Is this a bug that was introduced? My D6 sessions table has a column called sid, but not ssid.

Jens

dawehner’s picture

I think you need to use the alternative way to get to /update.php:

- Open settings.php with a text editor.

- Find the line that says:
$update_free_access = FALSE;

- Change it into:
$update_free_access = TRUE;

jelo’s picture

@dawehner: that doesn't make a difference, same error. Due to this error, I cannot test the patch provided here. I may just have to log a new issue with regard to the upgrade path and this error which I did not encounter when upgrading the site from a previous 6 version to a previous 7 version.

webchick’s picture

The update_fix_d7_requirements() function should be taking care of this. The code is at http://cgit.drupalcode.org/drupal/tree/includes/update.inc?h=7.x#n763.

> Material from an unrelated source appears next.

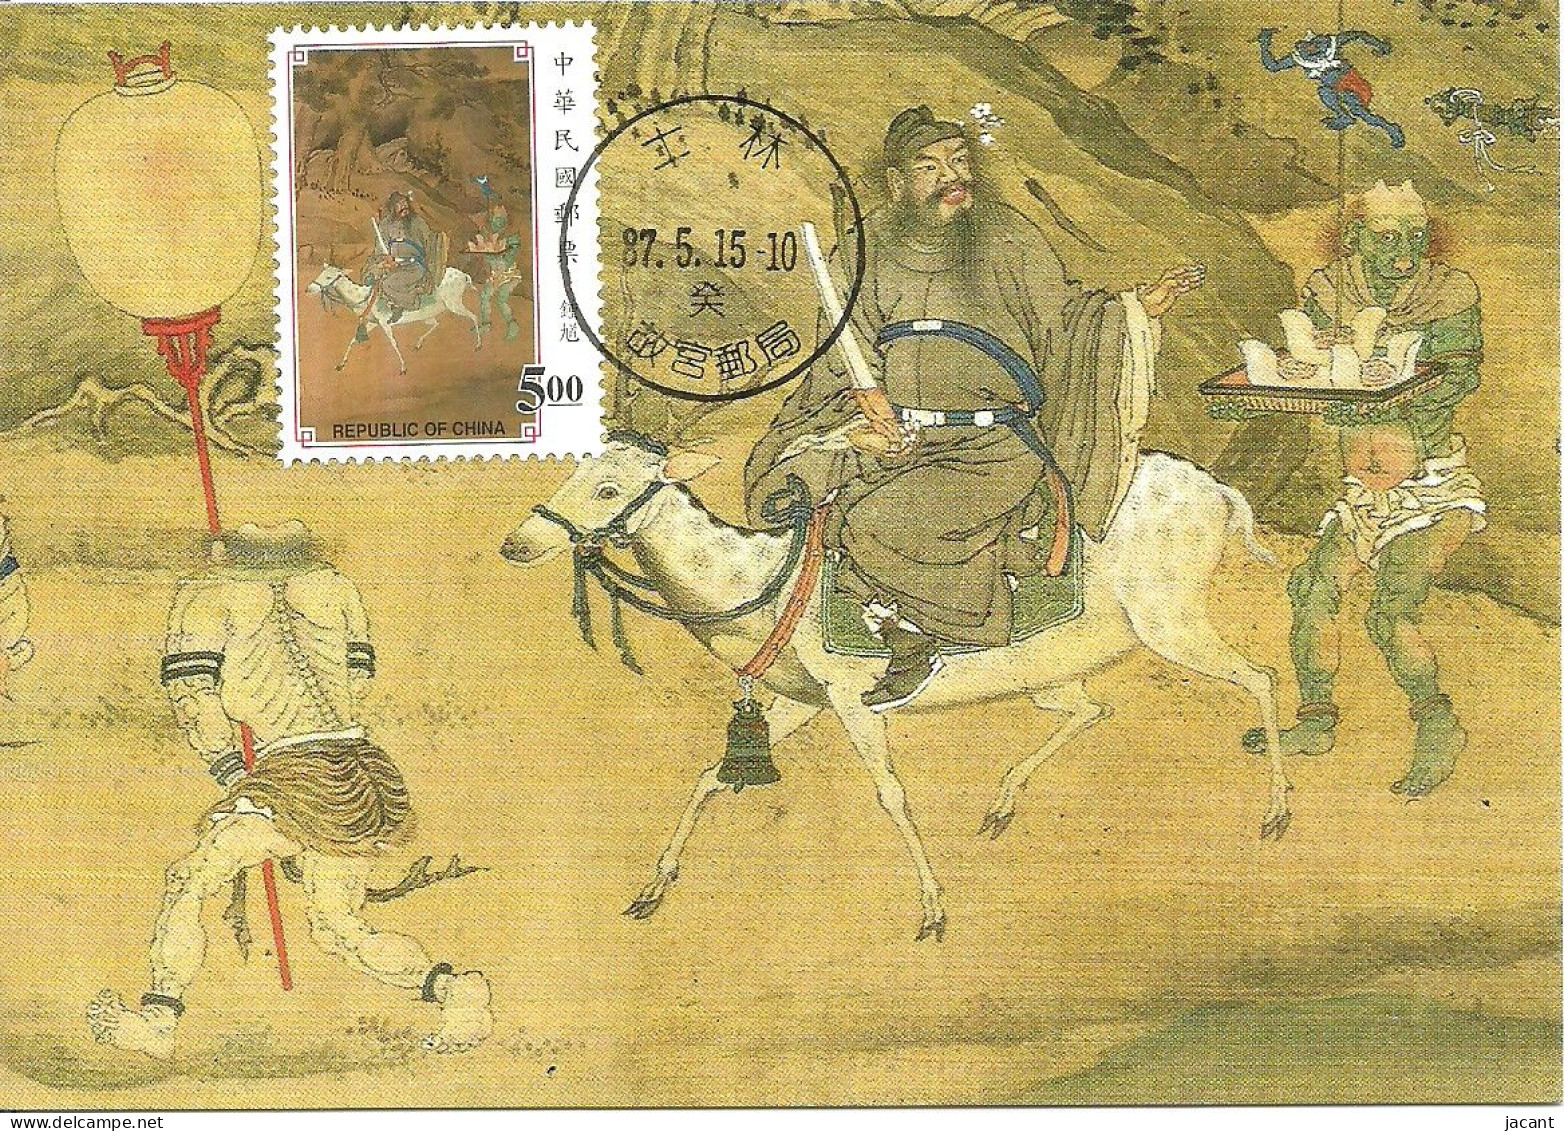 Carte Maximum - Taiwan - Formose - Set Of 2 Cards - Ancient Painting "Portrait Of Chung K'uei" - National Palace Museum - Tarjetas – Máxima

There do seem to be some other people reporting this ssid problem at #1008352: Upgrade D6.20 to D7 fails with PDO Exception. Comment #57 there especially looks like a good list. In general, it seems to happen if you've tried to re-do the D6 -> D7 upgrade multiple times without restoring from clean D6 backup in between each run. None of the logic in that function will fire if it thinks the system's already been upgraded (has a system.schema value >= 7000).

David_Rothstein’s picture

@jelo, thanks for trying to test this!

Are you running updates over an https:// URL, by any chance? Looking through #1008352: Upgrade D6.20 to D7 fails with PDO Exception it seems like that's the actual condition that triggers the bug. The two possible workarounds are:

  1. Run updates over http:// instead, or
  2. Set $update_free_access = TRUE in settings.php and log out of the Drupal 6 site before running the updates so that you run them as the anonymous user (just changing settings.php by itself isn't enough).

If this is the problem, we really should retitle the above issue to focus on it and up the priority to "Major". (I don't have time to test it right now, but I assume the fix would involve moving the code that's currently in update_fix_d7_requirements() to somewhere that runs a little earlier in the bootstrap.) But I don't believe it's related to this issue.

jelo’s picture

@webchick: the backup I am using has never been upgraded before and I get the error the first time hitting update.php.

David: that may be it. I did run it over https. I am on my way out on holiday. If I can find some time to fire up that old backup again, I will test it over http to check if I can get past this problem to test the patch from this issue.

webchick’s picture

Spoke to David today, he said there will not be a Sep. 2 bug fix release of D7. :( Earliest opportunity is now in October. He did say it could potentially be committed sooner than that, however.

David_Rothstein’s picture

Status: Reviewed & tested by the community » Fixed
Issue tags: +7.40 release notes

OK, people are really itching to get this committed and it has been RTBC for long enough. It would still be great to see real-world testing (feel free to post here with that even afterwards - would still be very helpful). But it looks like it's probably ready to go.

Therefore, committed to 7.x - thanks!

Above there was some discussion of having a handbook page about this issue (which could mention https://www.drupal.org/project/d6dupfix or other solutions as well). I'm not sure what the status of that is, but anyone should feel free to create one and if necessary we could link to it from somewhere within core (for example, a message displayed to sites that have this problem, as was suggested earlier).

Status: Fixed » Closed (fixed)

Automatically closed - issue fixed for 2 weeks with no activity.